* ASSIGNMENT: Output the data below exactly as it is, dropping the pictures from your copy.

* INFORMATION PROVIDED:
# # # # # # #
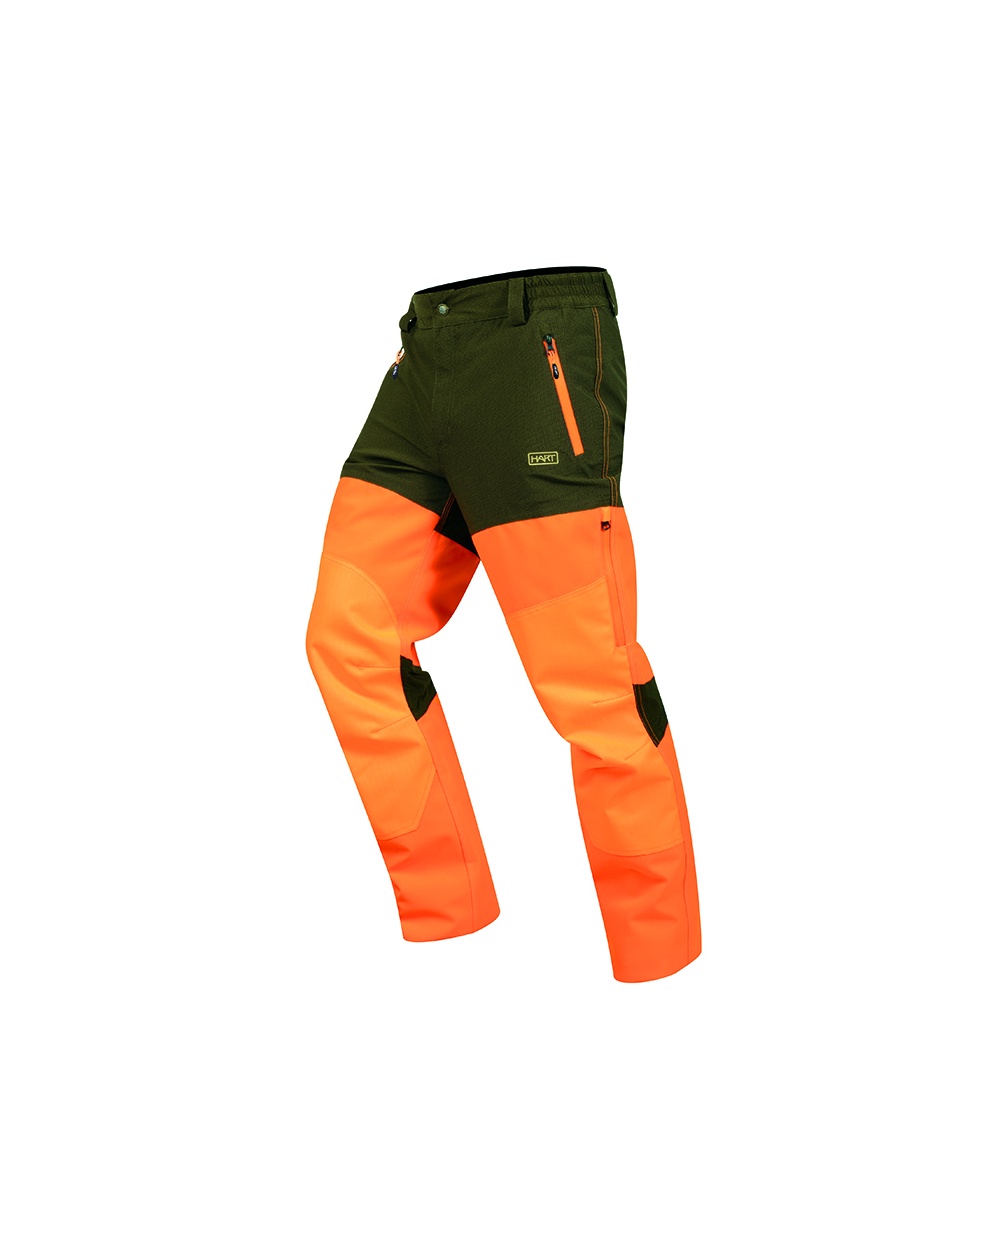 compra pantalon Hart WILDPRO-T color naranja blaze para resacadores
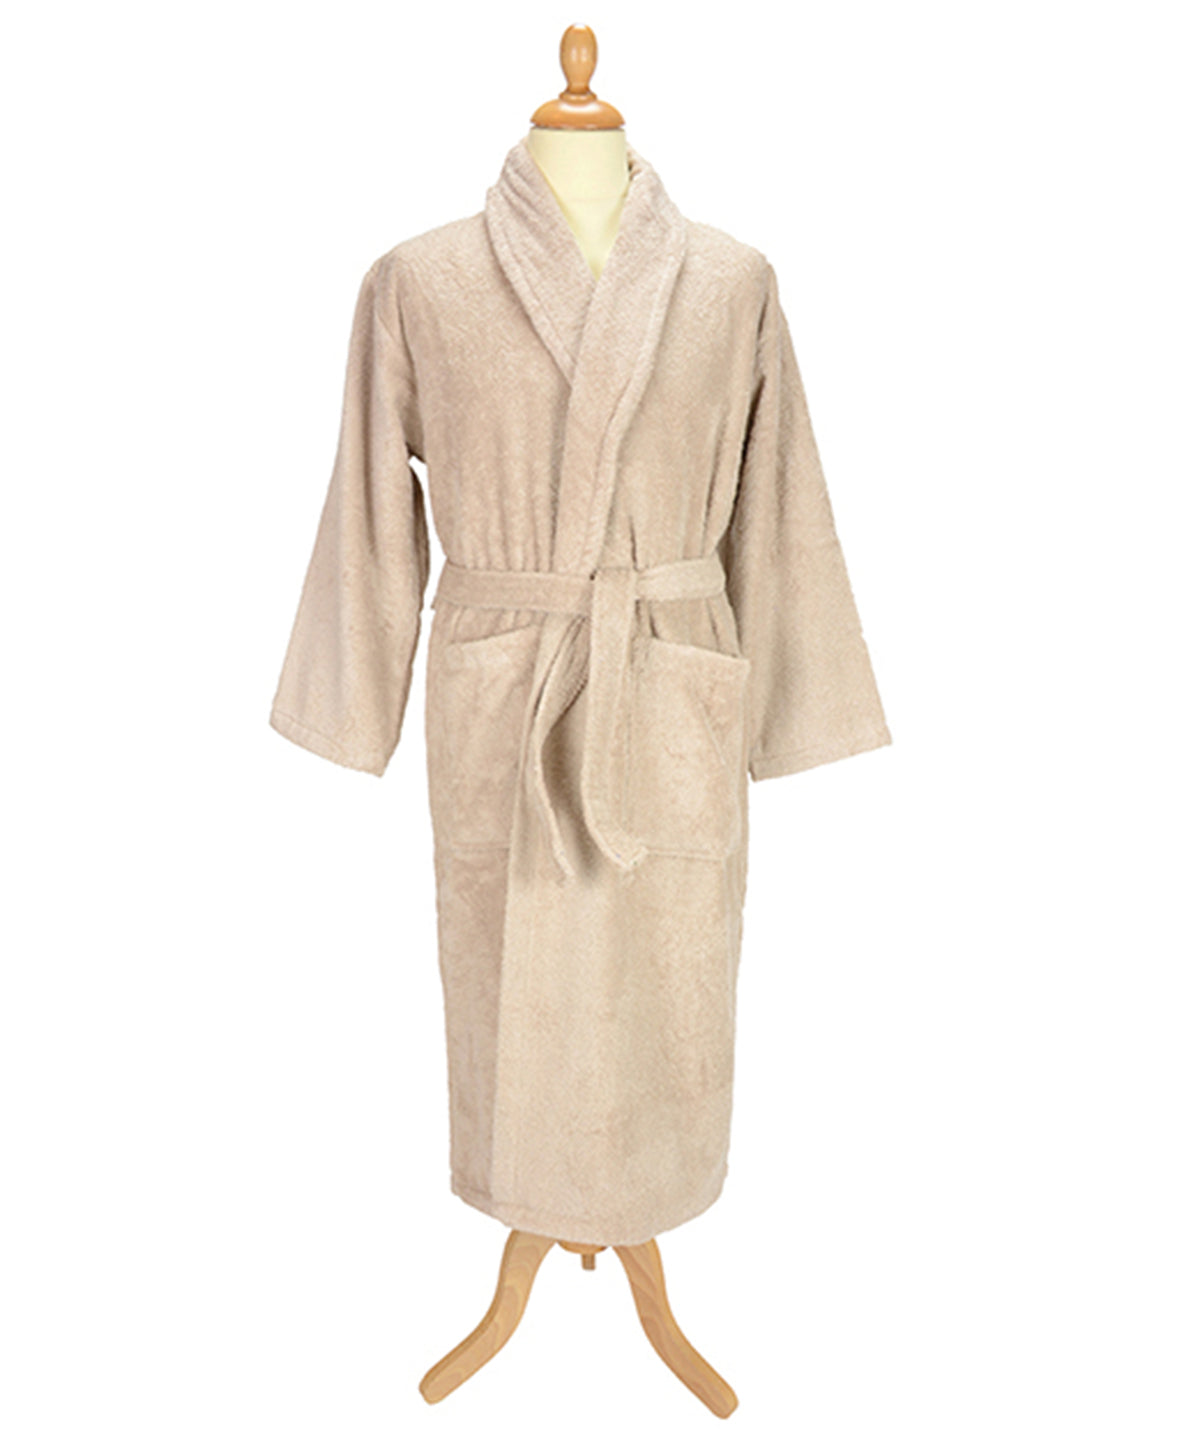 Personalised Robes - Dark Green A&R Towels ARTG® Bath robe with shawl collar
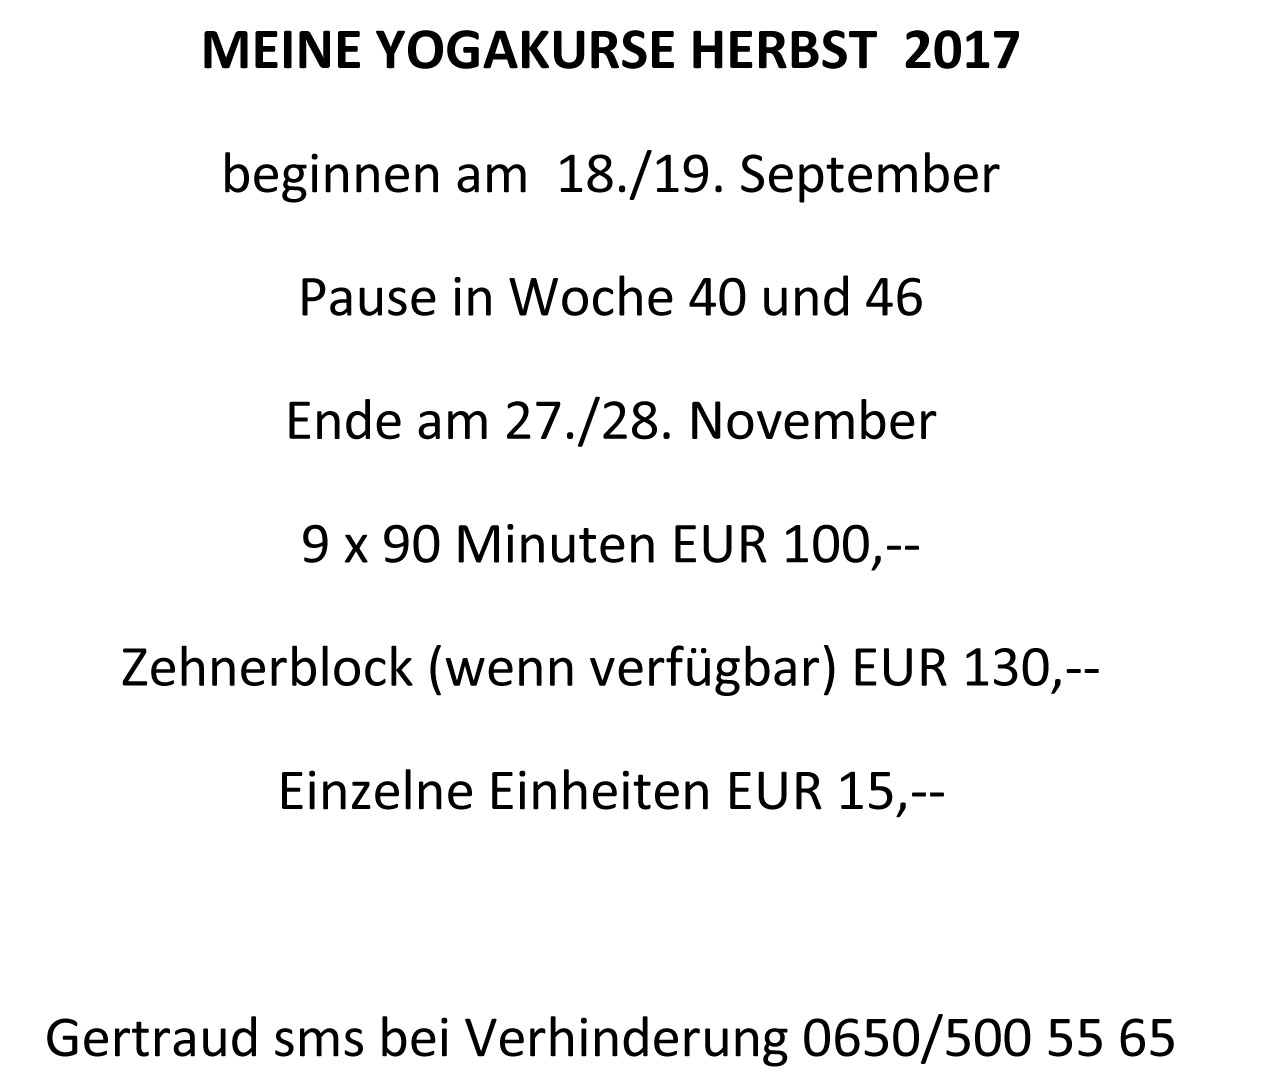 Vorschau Yoga Kurse Herbst 2017
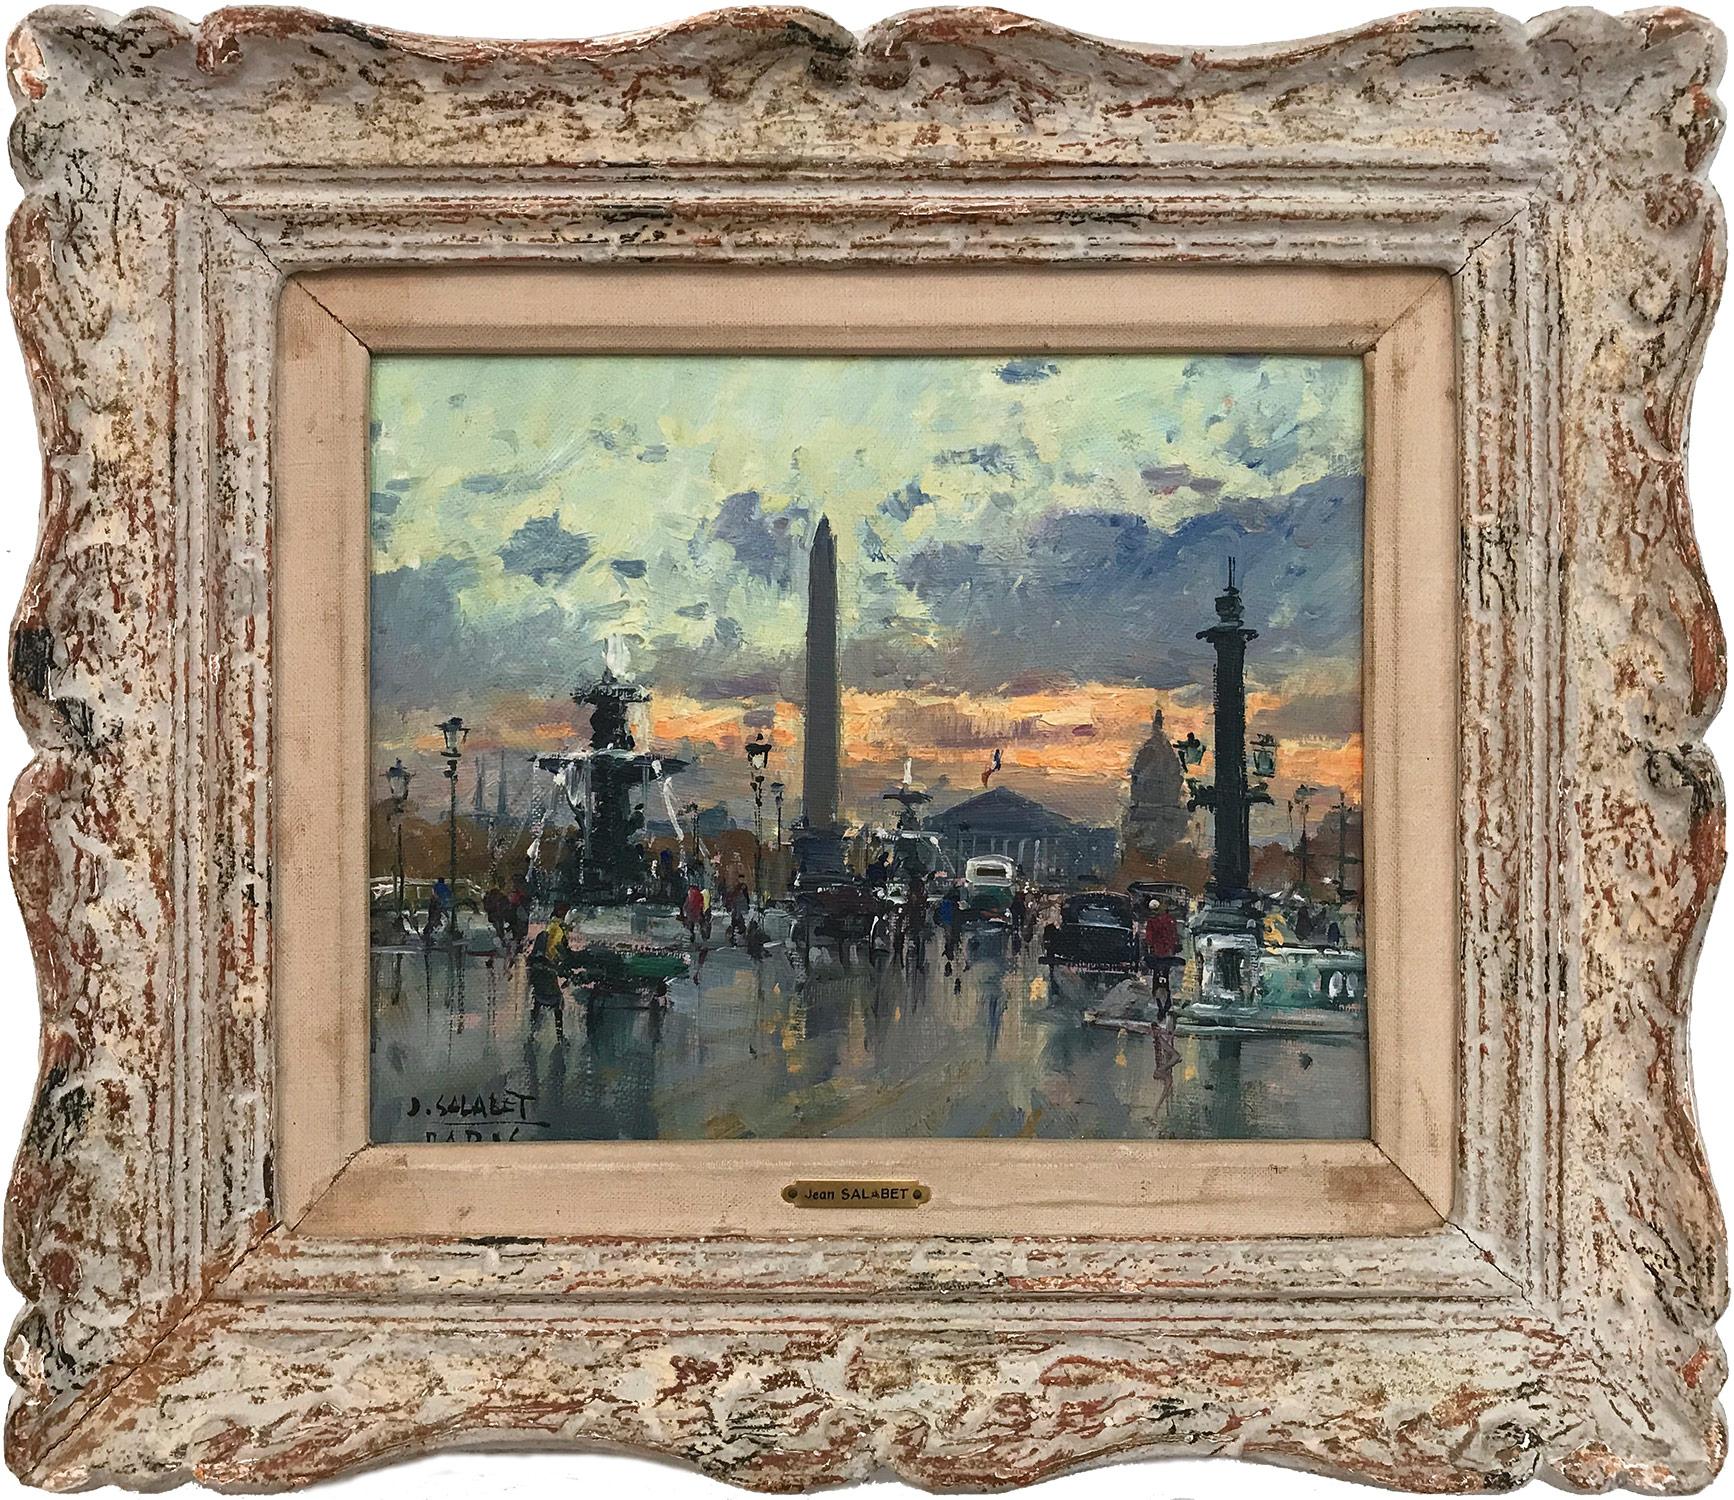 Jean Salabet Figurative Painting - "Place de la Concord" Post-Impressionist Parisian Street Scene Oil on Canvas
# # # # # # #
* OUTPUT:
 compra pantalon Hart WILDPRO-T color naranja blaze para resacadores
 Personalised Robes - Dark Green A&R Towels ARTG® Bath robe with shawl collar
 Vorschau Yoga Kurse Herbst 2017
 Jean Salabet Figurative Painting - "Place de la Concord" Post-Impressionist Parisian Street Scene Oil on Canvas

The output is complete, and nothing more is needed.